Where it stands: The chart above shows the 2017 distribution of roughly $316 million in money raised via Regional Greenhouse Gas Initiative (RGGI), which auctions pollution "allowances" under its cap-and-trade system.

  • RGGI states have steered a total of $2.4 billion into those areas since the program launched in 2009, the report shows.

Quick take: The report underscores how carbon pricing can raise substantial revenue for initiatives that help reduce emissions, even if the CO2 prices themselves are too low to directly cause changes in the power mix.

  • And that has arguably been the case with RGGI, which has seen fairly low prices at its pollution allowance auctions over the years.
  • Other forces, namely the rise of cheap natural gas and renewables' growth, have been key drivers of changes to the electricity mix and emissions cuts in RGGI states.
  • Go deeper: This Twitter thread among some energy wonks dives into this further.
3. Coal industry hits natural gas on climate

America's beleaguered coal industry is attacking natural gas for its role in fueling climate change, Axios' Amy Harder reports.

Between the lines: You read that right!
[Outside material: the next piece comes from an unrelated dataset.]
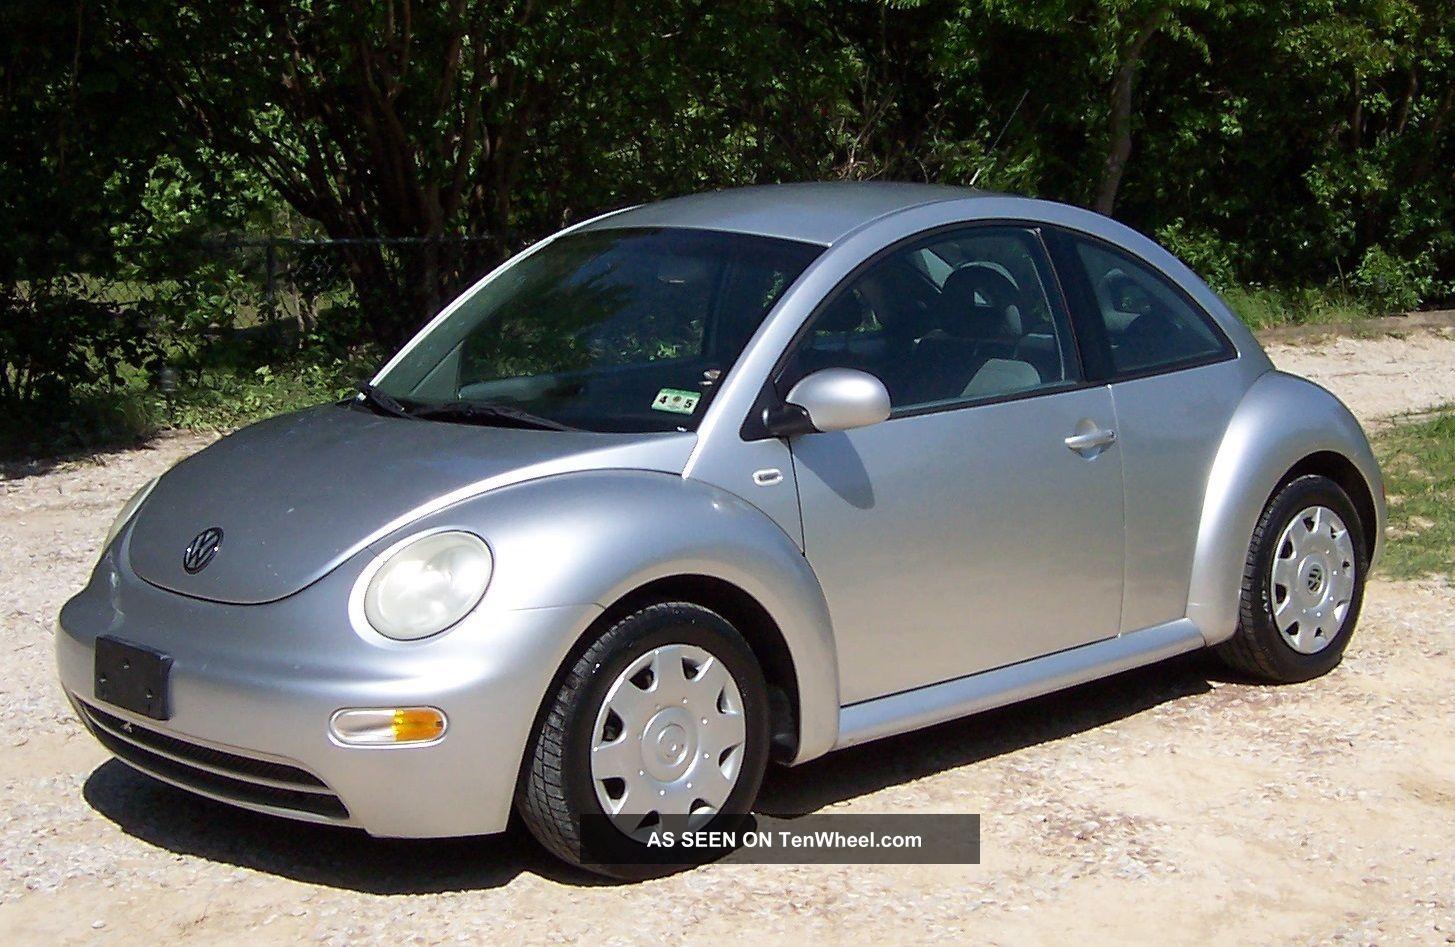 2001 volkswagen beetle gls 5 speed manual ice cold air. Black Bedroom Furniture Sets. Home Design Ideas

It’s ironic because coal is considered far more damaging to the climate than gas.

  • Coal's new attack — via a blog post by a prominent trade group — shows the desperate measures the industry is taking as it loses market share to gas and faces increasing criticism over its climate effects.

The big picture: Gas emits far less CO2 when burned than coal, but its primary component — methane — is also a potent greenhouse gas that can escape during production and transport.

Driving the news: The National Mining Association's blog post argues that as gas has become the country's largest power source, higher CO2 emissions from gas-fired generation make it "a leading contributor to the challenge.”

What they’re saying: “That’s apparently news to the oil and natural gas industry,” the post argues.

  • It adds: “One ad after another positions natural gas as the key emissions solution. Why debate the environmental merits of fracking when you can step on the head of the coal industry to prove your value in a carbon-constrained world?”

Reality check: On a per-unit basis, coal creates more carbon dioxide, which is by far the most prevalent greenhouse gas, compared to oil and gas.

4. Checking in on Big Oil's slow diversification

BP's venture arm announced Thursday that it led a Series A funding round for Grid Edge, a British software company that helps buildings control and cut their energy use.

Why it matters: It's the latest sign of how oil majors are boosting their investments in power technologies, EV charging and other areas outside their dominant fossil fuel lines.

The big picture: BP and Grid Edge said in their joint announcement that the startup's tech draws on data like weather forecasts and expected building occupancy to help customers tailor their energy needs.

  • It enables them to "leverage periods of high renewable power generation, and effectively use their building’s flexibility in energy demand and generation like a giant battery, to reduce costs and carbon emissions," per the statement.
  • The companies did not disclose the size of the investment.

Speaking of Big Oil and climate change, Reuters reports: "Royal Dutch Shell said on Thursday it would offset the carbon dioxide emissions of around 1.5 million road users in Britain starting later this month under a loyalty scheme."